Japanese Scientists Use Novel Laser Technique to Slice Semiconductors from Diamonds
In the semiconductor industry, silicon is still the prime material. However, this may soon change, as Japanese scientists created a method to slice diamonds into wafer-thin pieces using a new laser technique.
While silicon is a primary semiconductor material, diamonds are fast becoming one of the most promising materials because the carbon in diamond form has a wider band gap. Diamonds have several tech applications, including power conversion and fast telecommunications. But the mineral is difficult to work with because of its hardness. Thus, they are prone to cracking when cutting wafer-thin slices from them.
New laser cutting technique
However, Chiba University of Japan scientists claim they have developed a new way to create diamond wafers using lasers. They recently announced they have created a radical laser-based method to slice diamonds easily.
Materials with wide band gaps, like diamonds, allow semiconductors to perform more efficiently at higher temperatures and voltage frequencies, which is impossible using only silicon. With the wider band gap of diamonds, it is possible to build ultra-efficient power circuitry, which could benefit the train and electric vehicle industries.
But since diamond is famous for its hardness and tendency to crack, they were considered unsuitable for producing semiconductor wafers, which Japanese scientists want to overcome.

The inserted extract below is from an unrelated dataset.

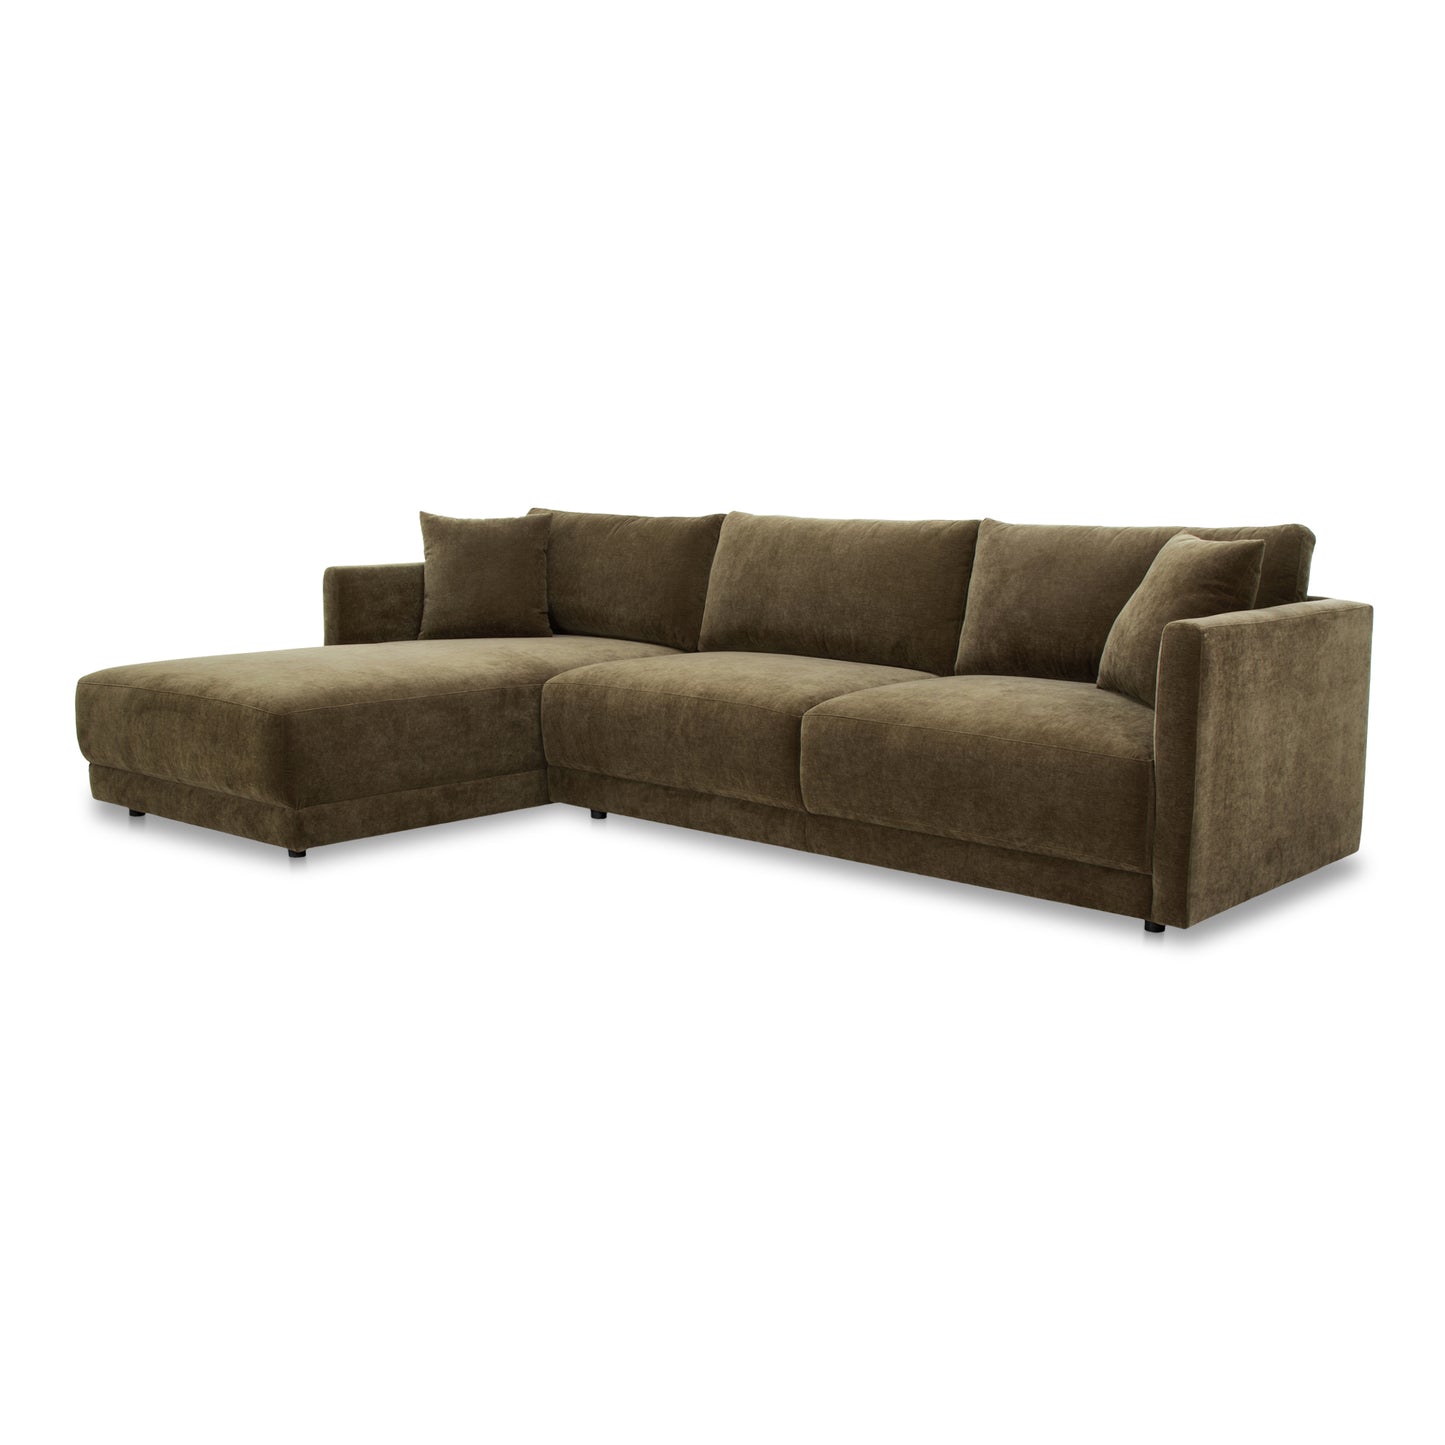 Bryn Sectional Sectional Moe's    Four Hands, Mid Century Modern Furniture, Old Bones Furniture Company, Old Bones Co, Modern Mid Century, Designer Furniture, Furniture Sale, Warehouse Furniture Sale, Bryn Sectional Sale, https://www.oldbonesco.com/

In the past, researchers have had to synthesize diamond wafers, which is a very expensive process. But the experiments of the Chiba University School of Engineering research team headed by Prof. Hirofumi Hidai show that lasers can cut wafer-thin diamond slices by influencing the way the mineral cracks along a specific crystallographic plane.

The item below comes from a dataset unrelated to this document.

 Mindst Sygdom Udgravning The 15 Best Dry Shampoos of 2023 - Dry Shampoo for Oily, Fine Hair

Prof. Hidai explained that their technique produces high-quality diamond wafers at low cost. He said that their process involves using laser light to modify specific regions of the diamond into amorphous carbon. The latter has a lower density than the diamond. Thus, the tendency to crack is minimized.
Another process the Japanese scientists worked on was controlling the formation of cracks through the diamond. They need to form along the intended plane to create a feasible wafer. With the help of lasers, they created a grid-like pattern of the crack-prone areas of the diamond, which provided them a guide in the crack propagation along the identified path. They use a tungsten needle set against the diamond’s side while slicing the wafer. The tungsten needle remains in place until the wafer breaks from the main piece.
Interest from other groups
The University of Chiba and Professor Hidai are not the only ones aiming to harness the dense lattice of a diamond’s carbon atoms to power next-gen communications and computing technologies.
A few months back, Amazon Web Services (AWS) and Element Six, a De Beers subsidiary, teamed up to develop synthetic diamonds. They intend to use these in quantum key distribution by engineering defects into the diamond. They call these defects color centers, which can absorb photons that contain quantum information, which the material can emit later. Amazon thinks the process can harness the phenomenon to develop repeaters that can extend the reach of quantum key distribution to the company’s network worldwide. According to the head of AWS, Antia Lamas-Linares, quantum networks will be available in a few years.
Prof. Hidai said their new proposed method could be a crucial step towards turning diamonds into a desirable semiconductor material for more efficient technologies in the future. The professor also explained that their method of slicing diamonds would produce high-quality wafers cheaply.